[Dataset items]
++++

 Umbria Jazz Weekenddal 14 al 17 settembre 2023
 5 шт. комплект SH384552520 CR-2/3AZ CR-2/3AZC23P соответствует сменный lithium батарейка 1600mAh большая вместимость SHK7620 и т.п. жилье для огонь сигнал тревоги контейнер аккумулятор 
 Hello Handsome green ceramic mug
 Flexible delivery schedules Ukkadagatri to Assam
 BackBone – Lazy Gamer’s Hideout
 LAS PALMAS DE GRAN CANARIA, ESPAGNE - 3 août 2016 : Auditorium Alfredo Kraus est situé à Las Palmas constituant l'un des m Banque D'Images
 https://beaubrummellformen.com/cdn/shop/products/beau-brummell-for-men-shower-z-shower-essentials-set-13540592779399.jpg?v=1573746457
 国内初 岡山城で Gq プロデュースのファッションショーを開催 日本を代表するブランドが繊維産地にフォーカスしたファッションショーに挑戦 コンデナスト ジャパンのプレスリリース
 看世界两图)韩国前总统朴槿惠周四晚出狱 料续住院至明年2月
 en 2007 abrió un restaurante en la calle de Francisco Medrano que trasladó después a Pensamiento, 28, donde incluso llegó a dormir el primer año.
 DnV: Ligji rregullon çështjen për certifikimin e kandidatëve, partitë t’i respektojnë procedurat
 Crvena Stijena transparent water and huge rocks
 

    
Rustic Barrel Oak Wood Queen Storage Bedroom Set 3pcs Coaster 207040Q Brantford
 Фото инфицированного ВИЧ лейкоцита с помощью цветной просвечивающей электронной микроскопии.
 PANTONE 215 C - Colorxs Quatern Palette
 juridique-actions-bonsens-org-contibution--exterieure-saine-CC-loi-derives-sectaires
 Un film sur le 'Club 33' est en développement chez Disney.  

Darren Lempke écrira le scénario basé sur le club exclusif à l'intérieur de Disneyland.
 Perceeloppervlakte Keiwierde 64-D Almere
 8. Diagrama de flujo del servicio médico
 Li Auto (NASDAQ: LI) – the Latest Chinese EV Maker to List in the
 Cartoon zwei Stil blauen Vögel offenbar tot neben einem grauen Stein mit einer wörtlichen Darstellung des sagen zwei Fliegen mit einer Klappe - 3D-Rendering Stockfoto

++++

Task requirements:
Transcribe every line above, character for character.

Completed exercise:
 Umbria Jazz Weekenddal 14 al 17 settembre 2023
 5 шт. комплект SH384552520 CR-2/3AZ CR-2/3AZC23P соответствует сменный lithium батарейка 1600mAh большая вместимость SHK7620 и т.п. жилье для огонь сигнал тревоги контейнер аккумулятор 
 Hello Handsome green ceramic mug
 Flexible delivery schedules Ukkadagatri to Assam
 BackBone – Lazy Gamer’s Hideout
 LAS PALMAS DE GRAN CANARIA, ESPAGNE - 3 août 2016 : Auditorium Alfredo Kraus est situé à Las Palmas constituant l'un des m Banque D'Images
 https://beaubrummellformen.com/cdn/shop/products/beau-brummell-for-men-shower-z-shower-essentials-set-13540592779399.jpg?v=1573746457
 国内初 岡山城で Gq プロデュースのファッションショーを開催 日本を代表するブランドが繊維産地にフォーカスしたファッションショーに挑戦 コンデナスト ジャパンのプレスリリース
 看世界两图)韩国前总统朴槿惠周四晚出狱 料续住院至明年2月
 en 2007 abrió un restaurante en la calle de Francisco Medrano que trasladó después a Pensamiento, 28, donde incluso llegó a dormir el primer año.
 DnV: Ligji rregullon çështjen për certifikimin e kandidatëve, partitë t’i respektojnë procedurat
 Crvena Stijena transparent water and huge rocks
 

    
Rustic Barrel Oak Wood Queen Storage Bedroom Set 3pcs Coaster 207040Q Brantford
 Фото инфицированного ВИЧ лейкоцита с помощью цветной просвечивающей электронной микроскопии.
 PANTONE 215 C - Colorxs Quatern Palette
 juridique-actions-bonsens-org-contibution--exterieure-saine-CC-loi-derives-sectaires
 Un film sur le 'Club 33' est en développement chez Disney.  

Darren Lempke écrira le scénario basé sur le club exclusif à l'intérieur de Disneyland.
 Perceeloppervlakte Keiwierde 64-D Almere
 8. Diagrama de flujo del servicio médico
 Li Auto (NASDAQ: LI) – the Latest Chinese EV Maker to List in the
 Cartoon zwei Stil blauen Vögel offenbar tot neben einem grauen Stein mit einer wörtlichen Darstellung des sagen zwei Fliegen mit einer Klappe - 3D-Rendering Stockfoto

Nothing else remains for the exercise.